## [Task requirements]
Only lines below containing the string "free" should be counted; please give that count by itself.
======== Information
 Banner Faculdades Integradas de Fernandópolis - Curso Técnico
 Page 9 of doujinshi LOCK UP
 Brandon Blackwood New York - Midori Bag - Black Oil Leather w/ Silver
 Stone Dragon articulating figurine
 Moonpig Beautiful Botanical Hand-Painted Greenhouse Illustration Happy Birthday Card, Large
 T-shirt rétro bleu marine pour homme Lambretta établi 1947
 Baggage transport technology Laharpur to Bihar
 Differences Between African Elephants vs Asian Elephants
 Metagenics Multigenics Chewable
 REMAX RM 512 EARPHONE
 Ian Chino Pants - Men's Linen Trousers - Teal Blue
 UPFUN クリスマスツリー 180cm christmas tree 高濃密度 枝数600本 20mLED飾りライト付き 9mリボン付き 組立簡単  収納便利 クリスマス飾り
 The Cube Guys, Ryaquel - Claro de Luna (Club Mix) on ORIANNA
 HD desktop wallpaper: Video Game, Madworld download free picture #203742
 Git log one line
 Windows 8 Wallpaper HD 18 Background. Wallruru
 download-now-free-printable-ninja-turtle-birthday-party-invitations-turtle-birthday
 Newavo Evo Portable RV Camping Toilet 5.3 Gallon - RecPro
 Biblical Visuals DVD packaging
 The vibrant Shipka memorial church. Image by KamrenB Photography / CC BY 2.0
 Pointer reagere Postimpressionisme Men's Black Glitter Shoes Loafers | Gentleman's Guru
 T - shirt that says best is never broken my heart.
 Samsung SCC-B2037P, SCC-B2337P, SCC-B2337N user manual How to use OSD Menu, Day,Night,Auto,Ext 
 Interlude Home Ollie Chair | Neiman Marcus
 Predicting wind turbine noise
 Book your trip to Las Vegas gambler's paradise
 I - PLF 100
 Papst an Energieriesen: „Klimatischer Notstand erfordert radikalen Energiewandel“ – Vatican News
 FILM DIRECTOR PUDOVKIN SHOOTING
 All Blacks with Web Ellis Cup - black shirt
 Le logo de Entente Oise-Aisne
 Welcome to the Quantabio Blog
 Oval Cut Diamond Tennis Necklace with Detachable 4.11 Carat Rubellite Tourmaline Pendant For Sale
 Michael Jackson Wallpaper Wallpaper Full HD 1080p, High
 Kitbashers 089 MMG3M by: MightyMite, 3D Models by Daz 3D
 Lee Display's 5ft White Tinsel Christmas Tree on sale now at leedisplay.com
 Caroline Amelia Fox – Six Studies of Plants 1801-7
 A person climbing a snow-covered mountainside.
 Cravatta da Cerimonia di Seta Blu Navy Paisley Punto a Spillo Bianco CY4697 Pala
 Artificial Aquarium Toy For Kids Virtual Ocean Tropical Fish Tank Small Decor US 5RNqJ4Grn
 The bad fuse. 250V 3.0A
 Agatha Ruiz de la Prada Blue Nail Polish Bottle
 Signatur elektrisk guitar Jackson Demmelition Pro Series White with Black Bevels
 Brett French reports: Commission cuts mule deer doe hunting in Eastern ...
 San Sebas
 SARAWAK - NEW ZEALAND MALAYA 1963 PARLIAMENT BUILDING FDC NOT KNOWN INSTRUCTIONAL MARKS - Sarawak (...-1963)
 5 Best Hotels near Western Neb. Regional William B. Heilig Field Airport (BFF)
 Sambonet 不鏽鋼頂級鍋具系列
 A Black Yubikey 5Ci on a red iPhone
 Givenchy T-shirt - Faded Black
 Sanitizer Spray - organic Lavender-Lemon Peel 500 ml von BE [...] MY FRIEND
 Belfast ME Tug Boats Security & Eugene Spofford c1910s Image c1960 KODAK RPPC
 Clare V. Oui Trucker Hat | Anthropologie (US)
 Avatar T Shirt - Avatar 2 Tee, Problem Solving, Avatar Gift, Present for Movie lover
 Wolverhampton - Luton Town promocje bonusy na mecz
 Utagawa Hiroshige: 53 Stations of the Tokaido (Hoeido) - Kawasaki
================
## [Exercise result]
2